You know what one of the hardest things is, that life can bring? Praise. At least for me, it was. But more on that later. Foreshadowing, it’s a foreshadow, you got your foreskin and your foreshadow. That last line is a quote from the Peppers’ lead singer, so it must be true. Oh, c’mon, just smile to politely pretend you thought that was funny. Back to business.
The crux of wanting it ALL is in the “And not just the good bits”-part. When I said I wanted everything, I thought it meant: I want to be a consultant and a carpenter and a cook and I want to be more compassionate and also really rich and take responsibility oh and I want to be able to cook better than Menko and be great at … etc. Like a pig, in a cage, on antibiotics, I think now, looking back on what I thought I wanted back then.
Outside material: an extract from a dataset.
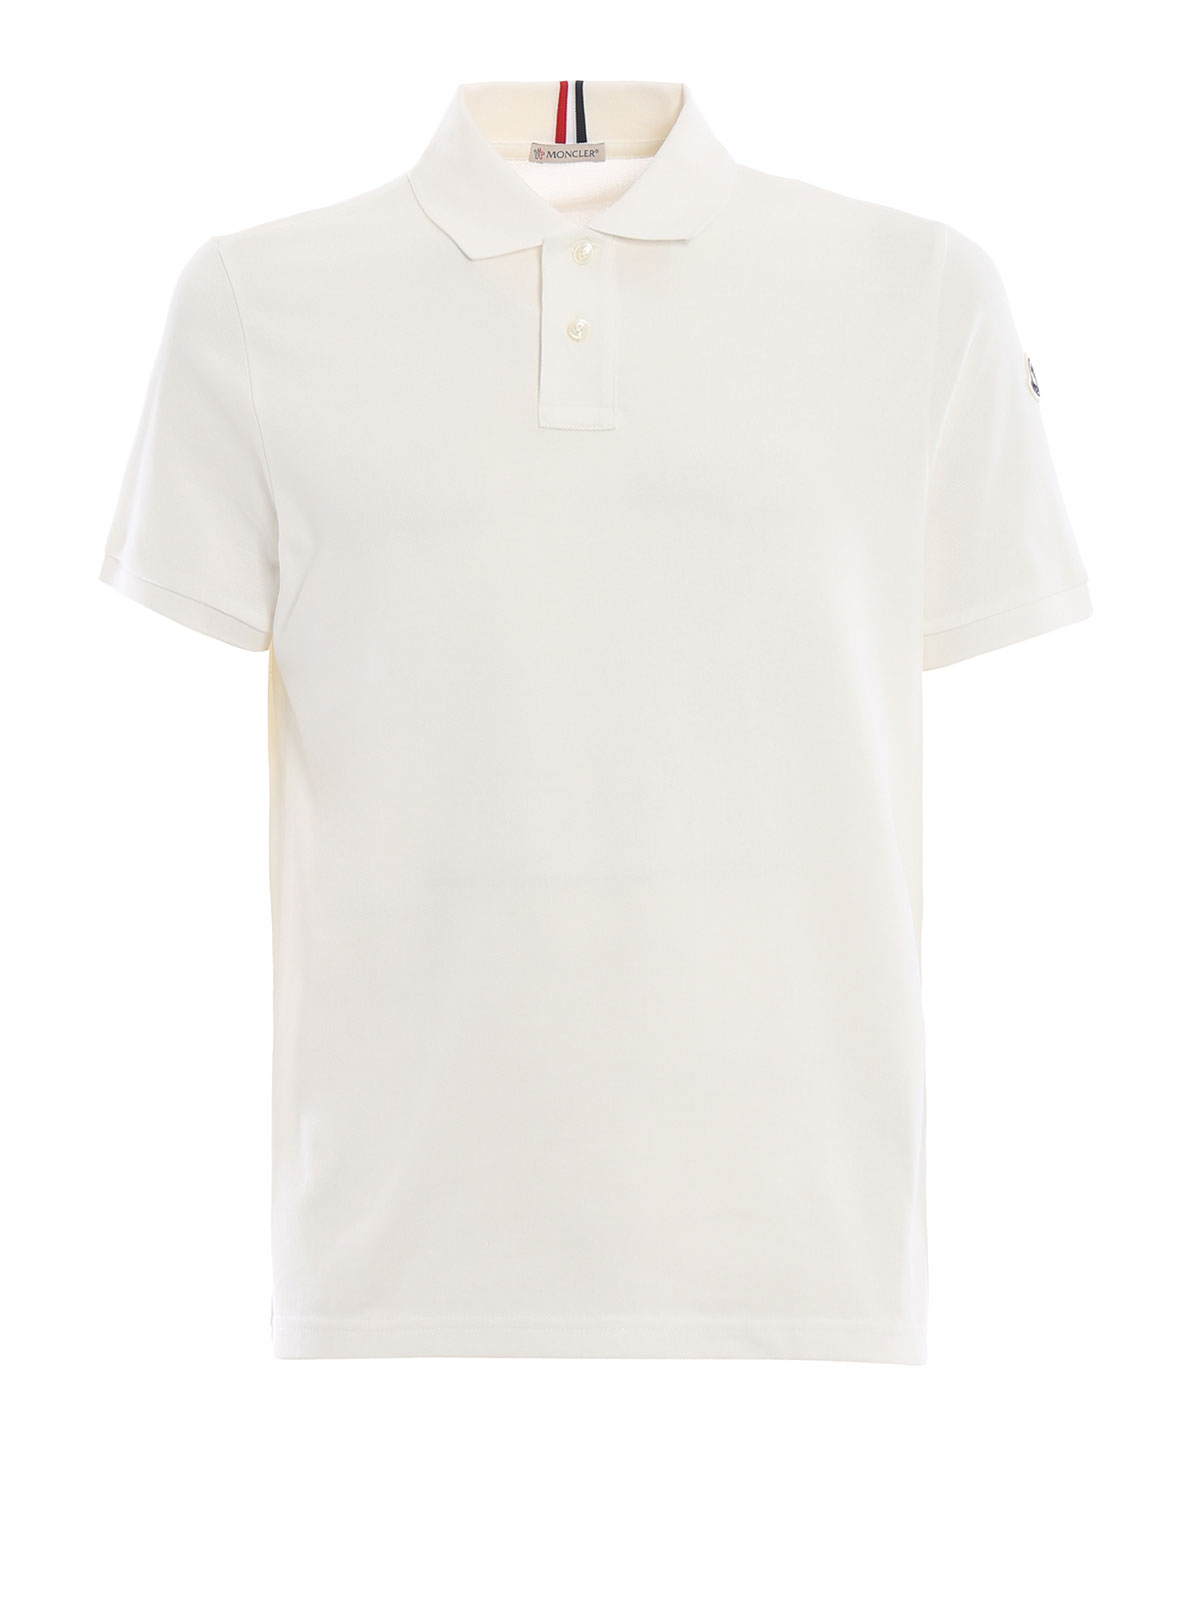 Moncler - Polo - Blanc - Polos - D2 091 8306200 84556 004   iKRIX.com 08ad64451e0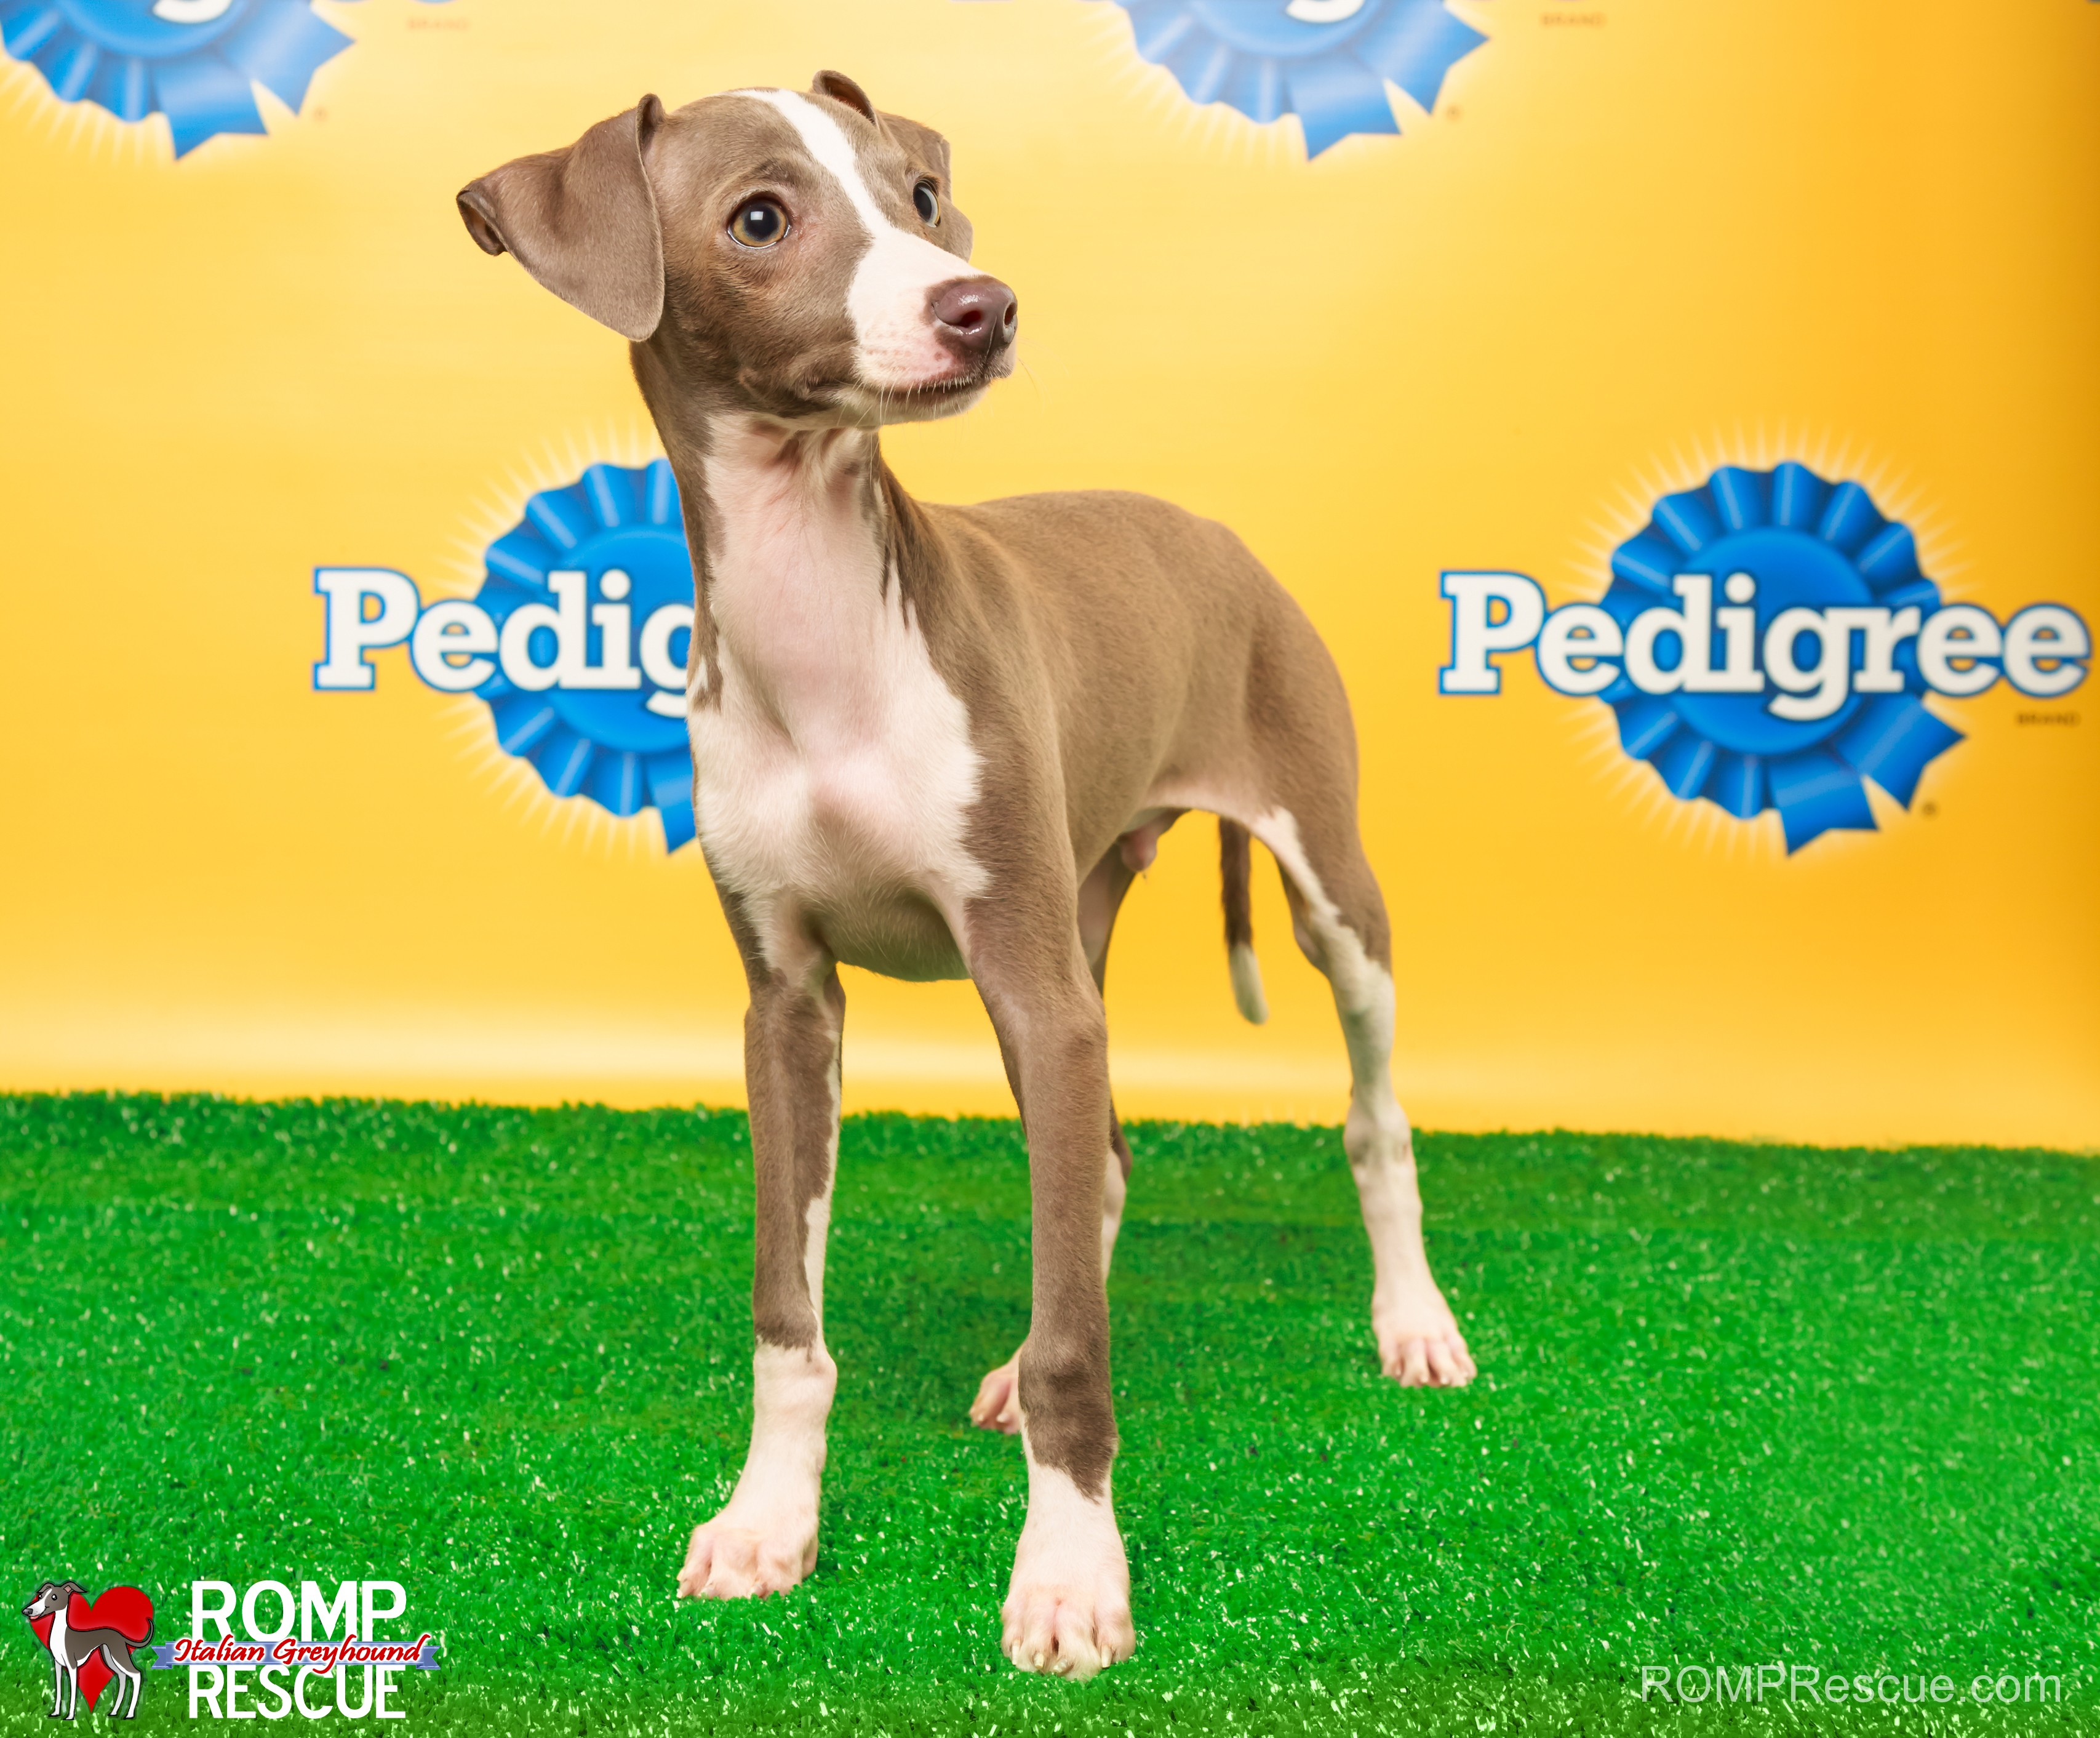 Animal Planet, puppy bowl x, italian greyhound, puppy bowl, iggy, sharpie, romp rescue, chicago, illinois

Not just the good bits. Just like your emotions. You can’t just be happy, sadness wants to be felt as well. If you suppress one kind of emotion, the others go: “Fuck you, Mr. Sadness is our friend, if you don’t want him around, we won’t come either.” Life is the same way. You try to strive for pleasure and avoid pain, as you should, but if pain shows up, you can’t just ignore it. If you want Life to flow through you, you’d better be open to all it has to bring, not just the good bits. Don’t prefer. Fuck, this is one of the first lessons of Zen, and I don’t think I ever got it, until now, writing this. Thank you, reader, for giving me a reason to sit down and do this.